Published quarterly by the Research Collaboratory
for Structural Bioinformatics Protein Data Bank
Fall 2012
Number 55


Data Query, Reporting and Access

Website Statistics

Access statistics for the second quarter of 2012 are shown.

Unique Visitors
697.83 GB
484.91 GB
755.14 GB

Smart Searching with the Top Bar Suggestion Box

Enter text in the top search bar to quickly find structures based on author, macromolecule name, sequence, ligand name or ID, and more.

The top search bar helps users easily and intuitively create simple text searches.

Typing text in the top search bar launches an interactive pop-up box that suggests possible matches that are organized by categories ranging from author name to ontology terms. The top search can be also be limited to quick searches on Author, Macromolecule name, Sequence, or Ligand by selecting the related icon. Using these categories helps to quickly differentiate between possible search results.

For example, autosuggestions for the input bird include authors whose names contain “bird” and structures from the organism bird.

Users who want to perform a simple, non-categorized text search can click the magnifying glass icon or press return.

The top menu bar also recognizes particular types of syntax.

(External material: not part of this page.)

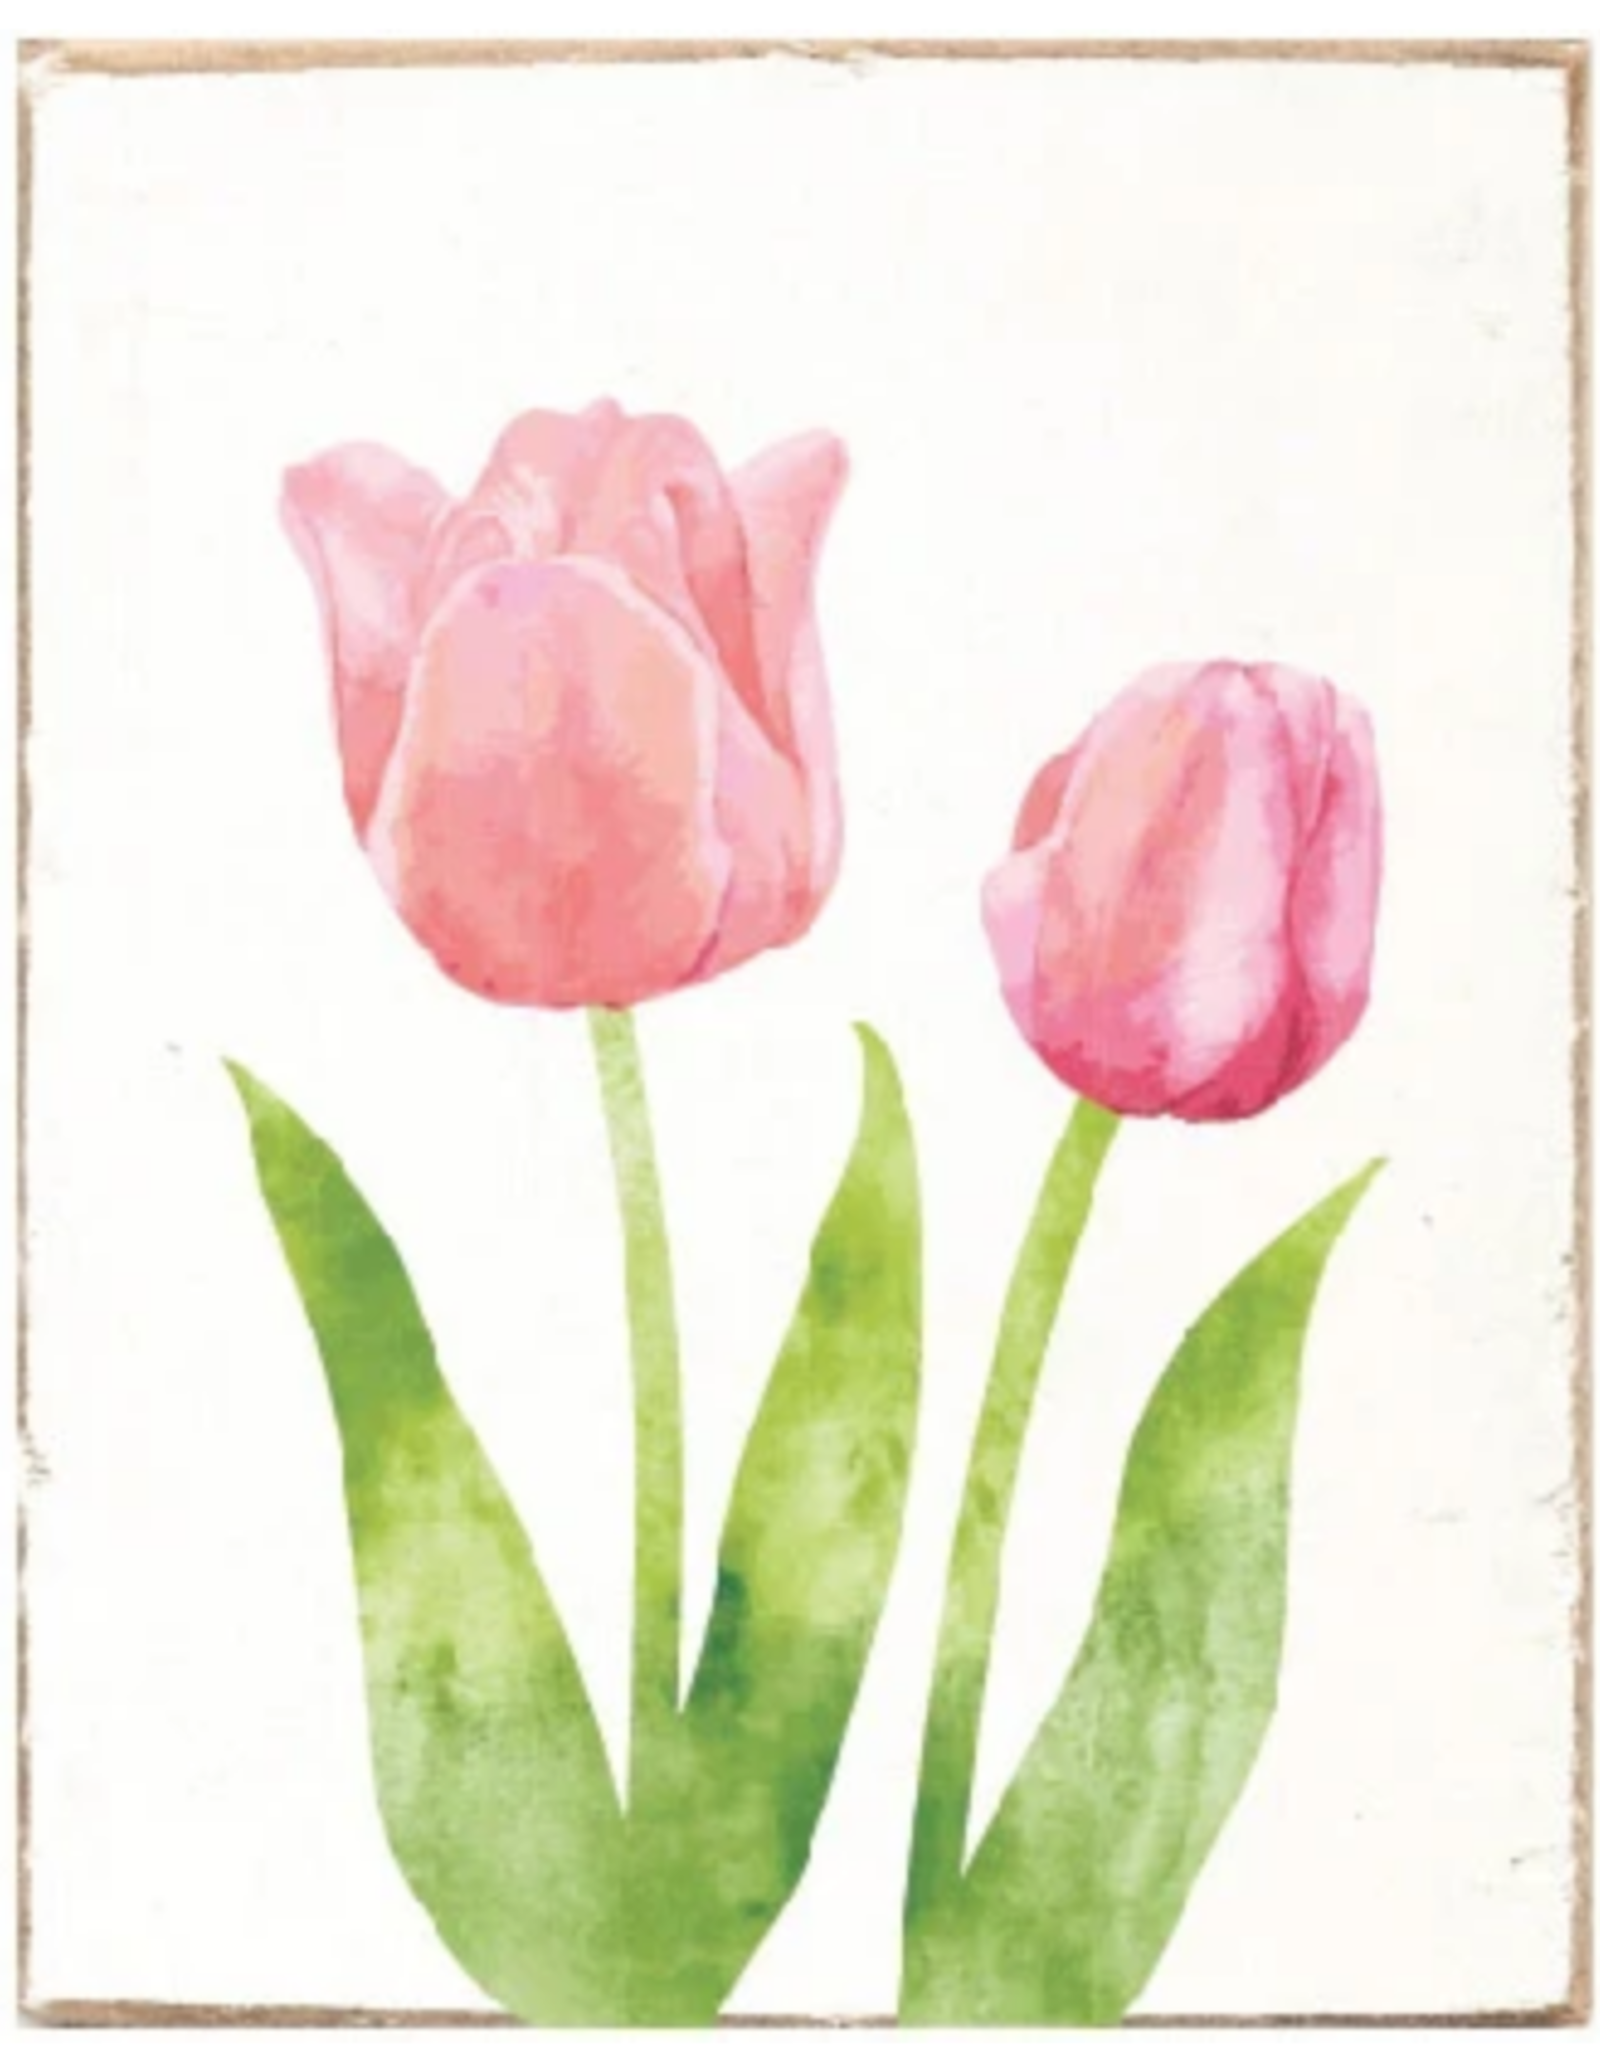 Rustic Marlin Rustic Marlin - Symbol Blocks Tulips
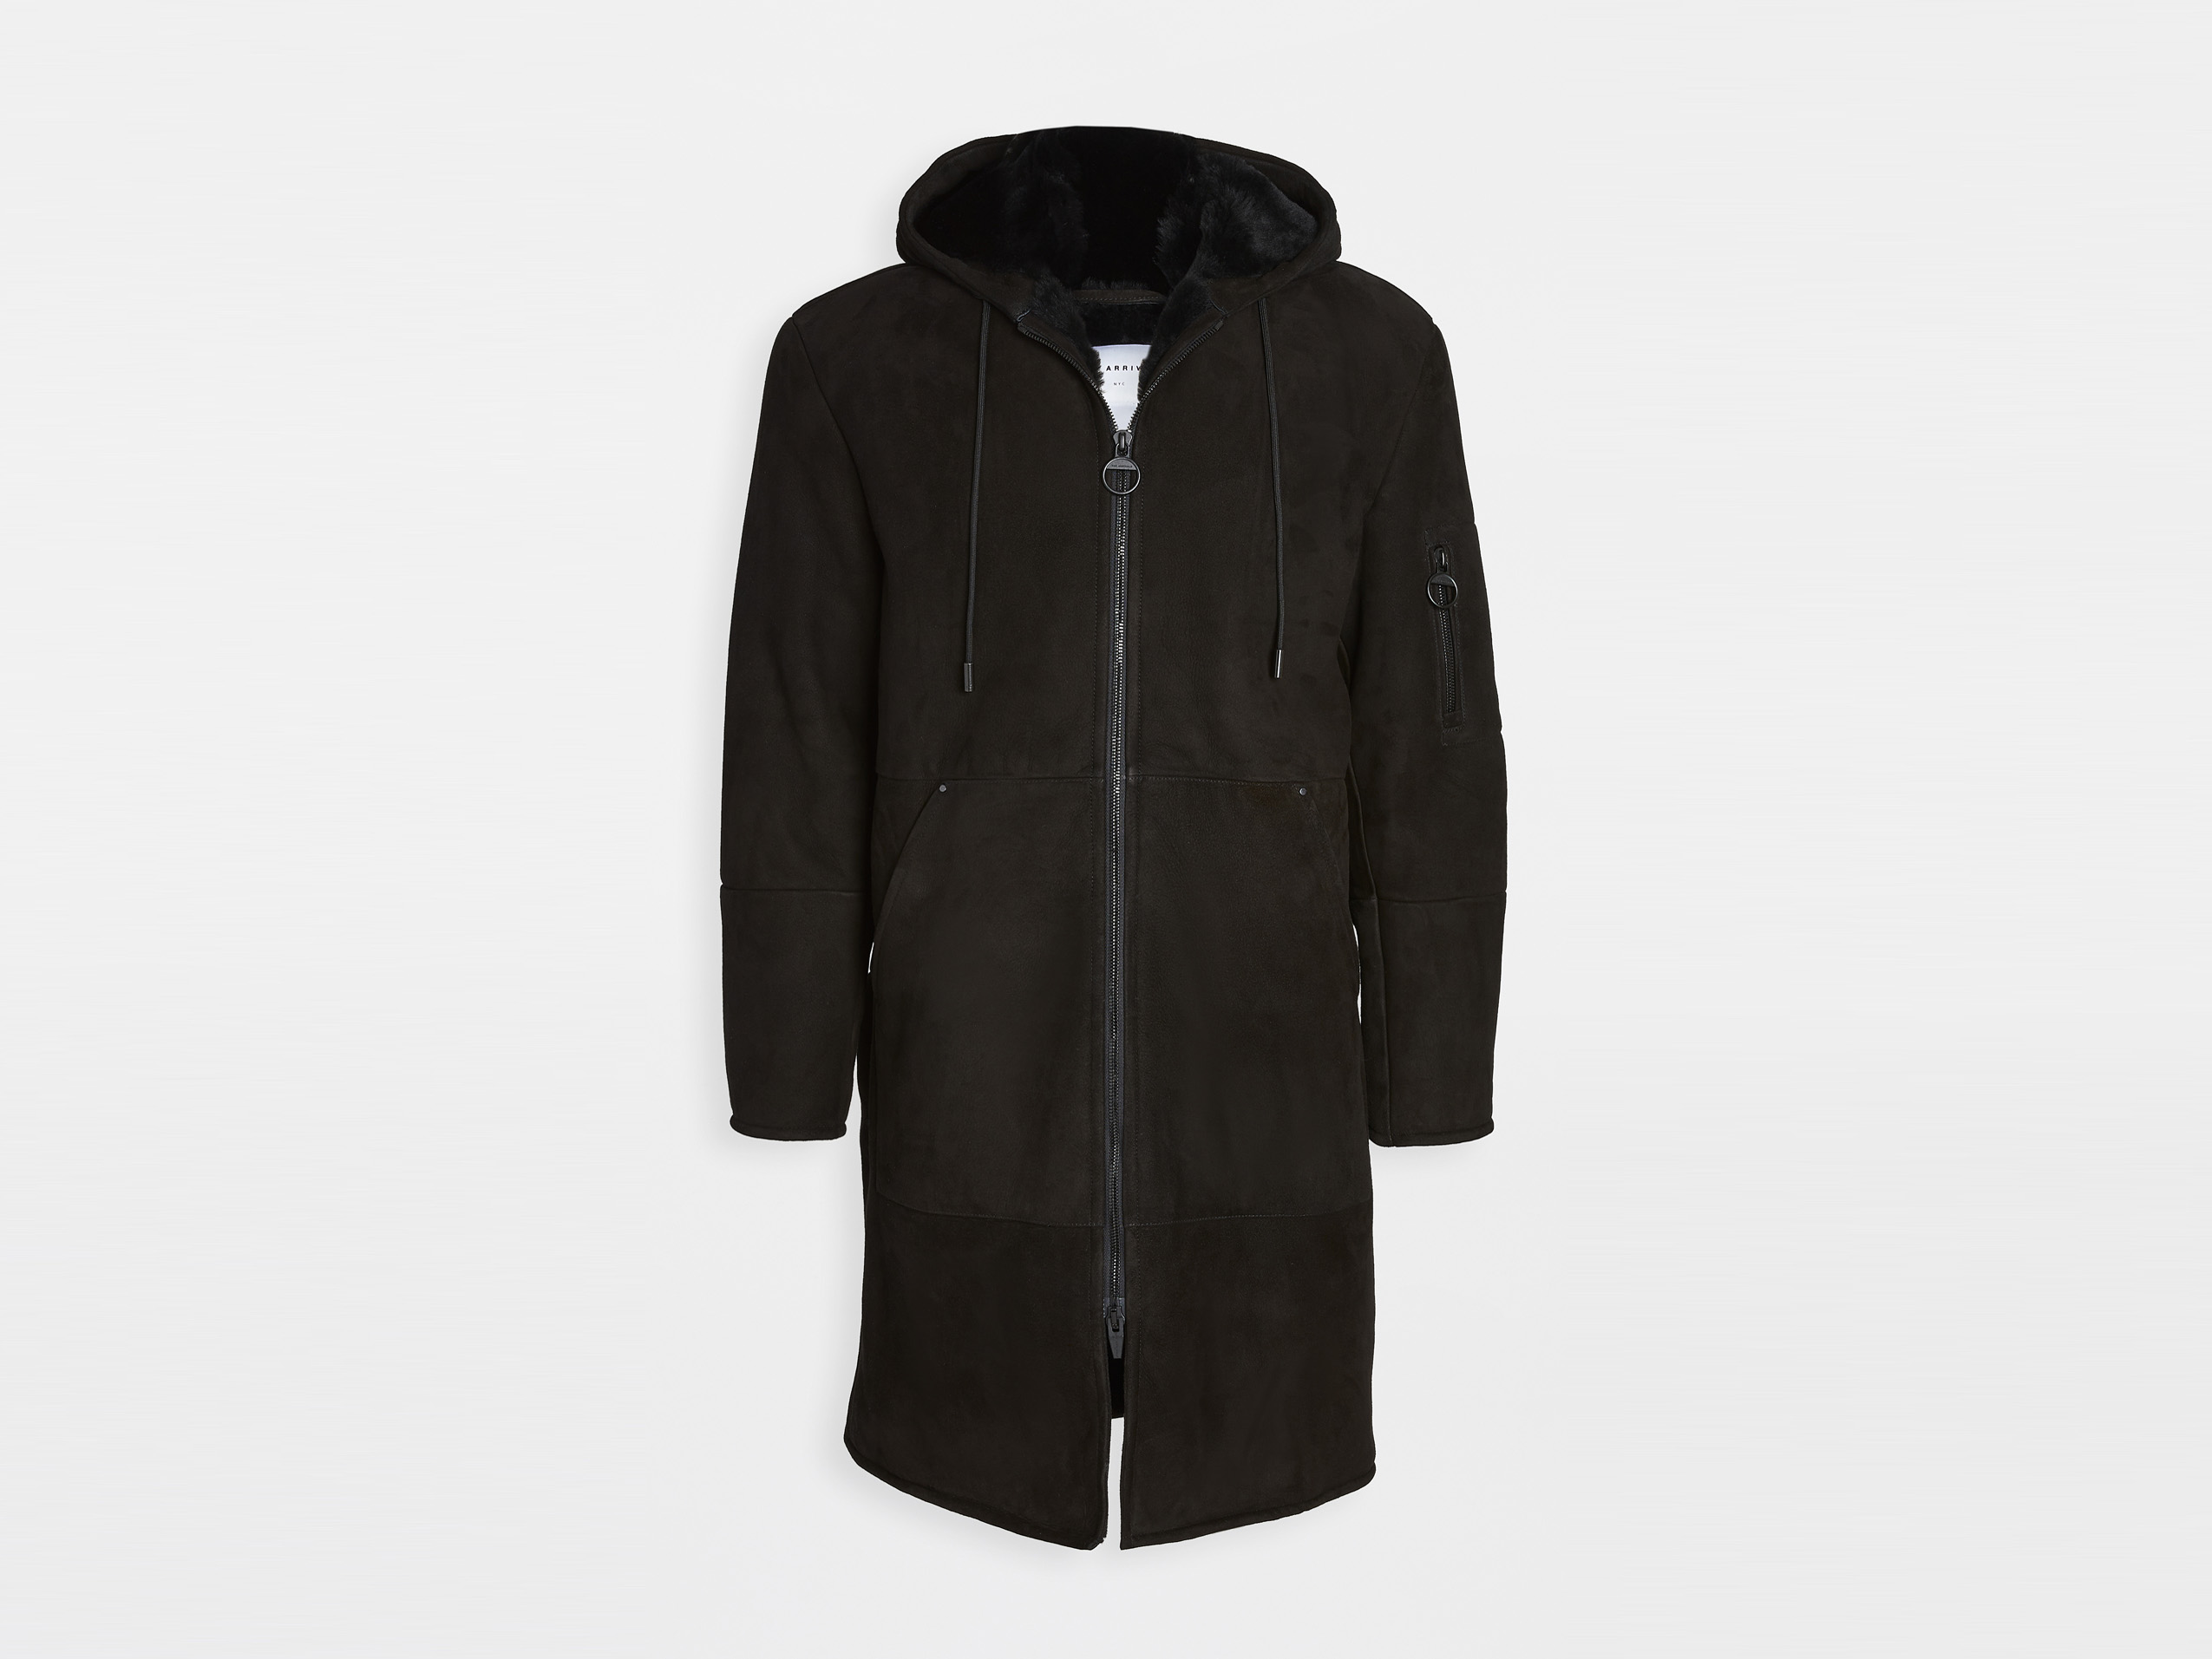 Best Men's Winter Jackets - The Arrivals Shearling Hooded Coat

Entering SMILES strings will suggest options to perform substructure, exact structure, or similar chemical structure searches, while typing in a sequence will offer different BLAST search options.

Simple text searches complement other RCSB PDB tools: the Explore Archive widget provides browsable data distribution summaries, Browse Database explores the PDB archive using different hierarchical trees, and Advanced Search combines multiple searches of specific types of data.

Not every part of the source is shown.